Black tea’s tannic acid cuts the grime off glass surfaces. Wipe tea onto shower doors with paper towels and wipe off with a clean rag to prevent limescale build-up.
Stash silica gel packets in your bathroom drawers and medicine cabinets to reduce moisture and humidity. You were just going to throw them straight in the trash anyway! These little guys will prevent mildew build up and stop razors from rusting.
Use your Swiffer Dusters Heavy Duty Super Extender to dust hard to reach places. With its extendable handle, you’ll be able to hit those ceiling fans and vents. The Swiffer’s specially coated fibers trap and lock dirt and dust so it won’t all rain down into your eyes and hair.
Chopsticks and toothbrushes make perfect tools for those hard to reach nooks and crannies. Those narrow crevices around the faucets, skinny grout lines, and tricky vents are always so annoying to reach with a rag or sponge. Try wrapping a paper towel or rag around the outside of the chopstick to really get in there. You can also boil and bend toothbrush heads (just like you used to do with your field hockey mouthguards!) to achieve ideal corner cleaners that can be reused over and over.
Aspirin’s salicylic acid can help to remove soap scum from the bath and shower. If you’re at a total loss for cleaning supplies, tap into your aspirin stash, crush up a few, and add to water to make a DIY bathroom cleaner.
Dampened dryer sheets are perfect for wiping soap scum spots off of your bathtub, tiles, and fixtures. If they’re scented, it’s a bonus.
Nonstick cooking spray or cooking oil breaks down lime deposits. You can wipe or spray it onto shower doors, then wipe off with a wet soapy rag and rinse with warm water. You can also use an oil spray to shine the faucets and chrome or stainless steel fixtures, then wipe off with water. PSA: Oil is slippery! So mind your step while lubing up your shower doors, and be sure to wash it off as best you can so your next shower doesn’t end with a bang.
Microban 24 Bathroom Cleaner sanitizes hard, non-porous surfaces against bacteria for up to 24 hours* – just spray and walk away.

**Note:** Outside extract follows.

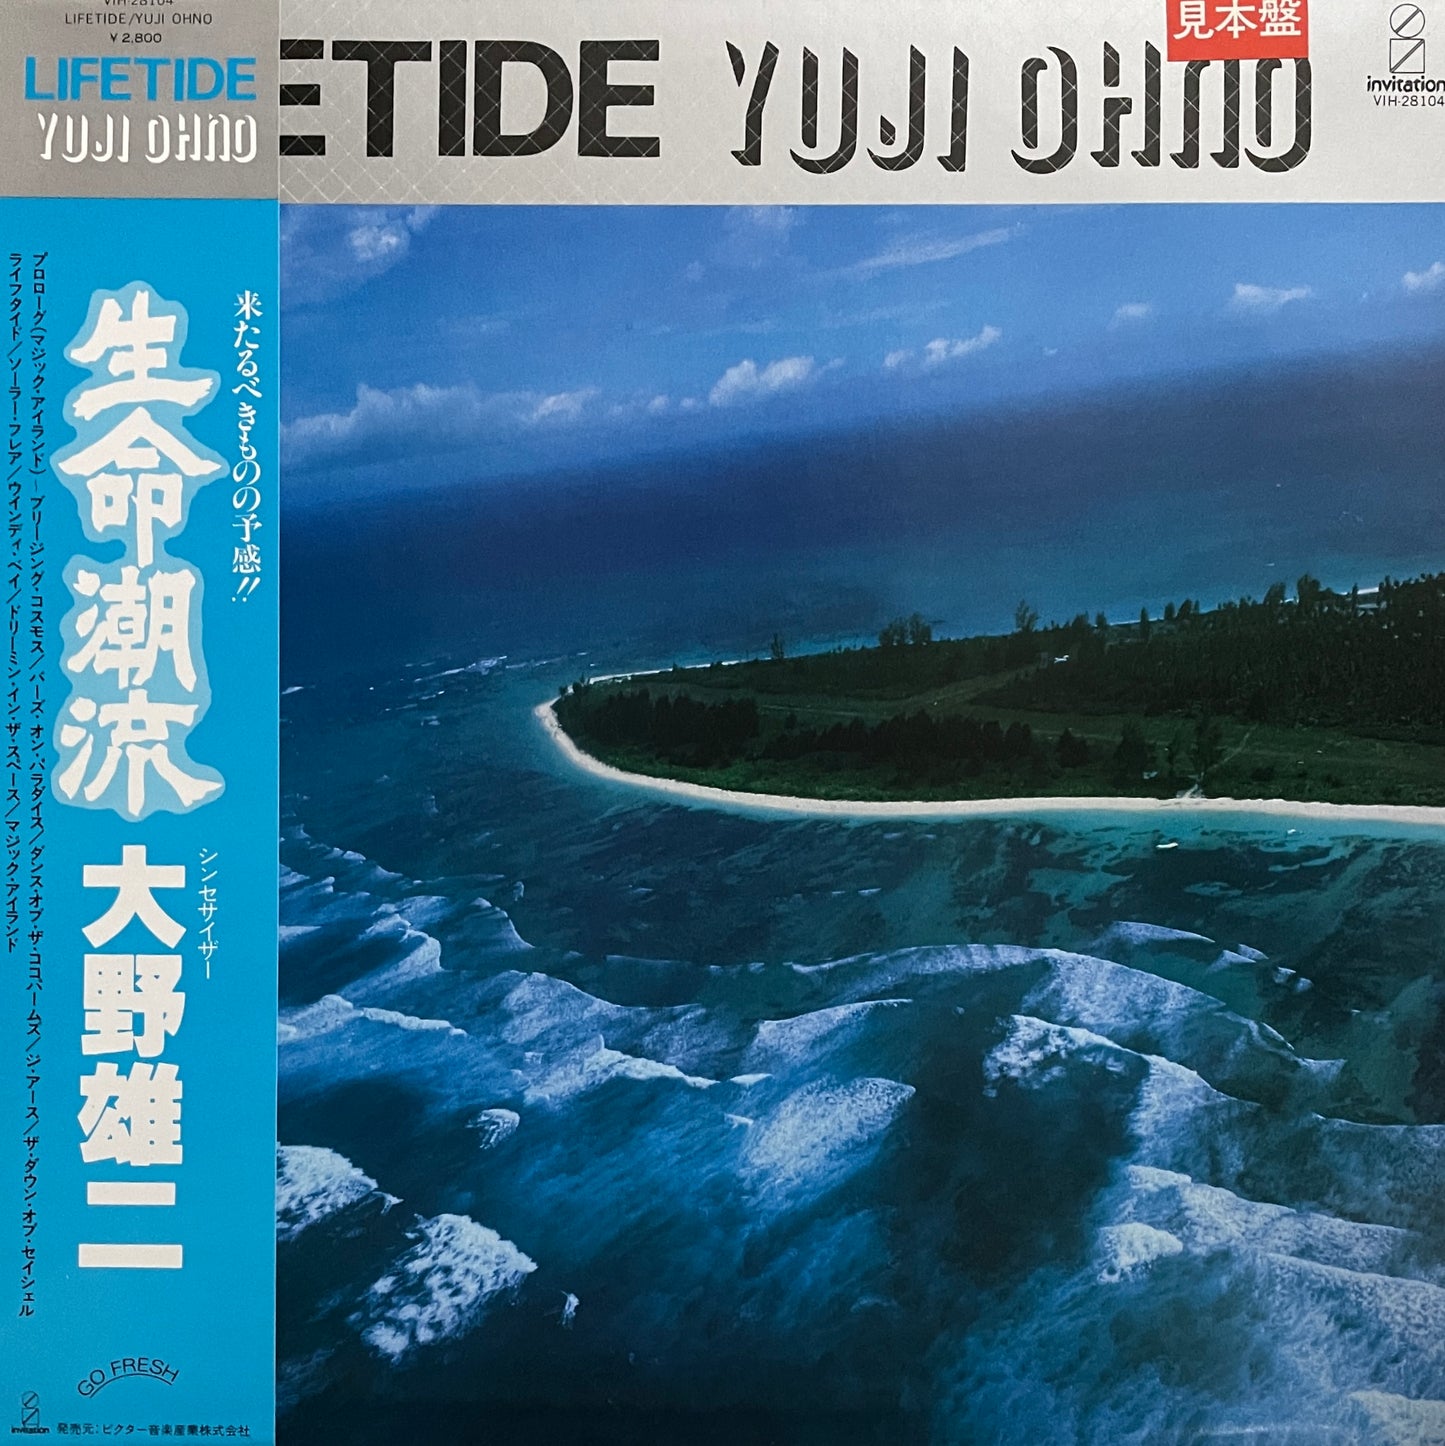 Yuji Ohno "Leftide" (1982)

Shaving cream contains glycerin, which creates a protective coating on mirrors. Cleaning your mirrors with shaving cream will actually prevent them from getting steamy and fogging up during your shower. Simply spray on shaving cream and wipe it off with paper towels. Shaving cream works well for polishing chrome and stainless steel, too. Its emulsifiers work as gentle cleaning agents. Fun fact: You can also use shaving cream to get makeup stains out of clothes or to clean your jewelry.
Baking soda does all the things.
Congratulations, you’ve made it to the end of this colossal list of hacks. You’re, like, twenty-three hacks smarter than you were at the beginning of this article. That’s a lot of hacks. Next time you run out of cleaning products, you no longer have an excuse for postponing your bathroom cleaning duties ‘til tomorrow. (Sorry, not sorry.) Whether it’s vinegar and baking soda, cola, and baby oil or lemons and black tea, you’re bound to have some household solution on hand.
*When used as directed, effective for 24 hours against Staphylococcus aureus & Enterobacter aerogenes bacteria. Microban 24 does not provide 24-hour residual virus protection.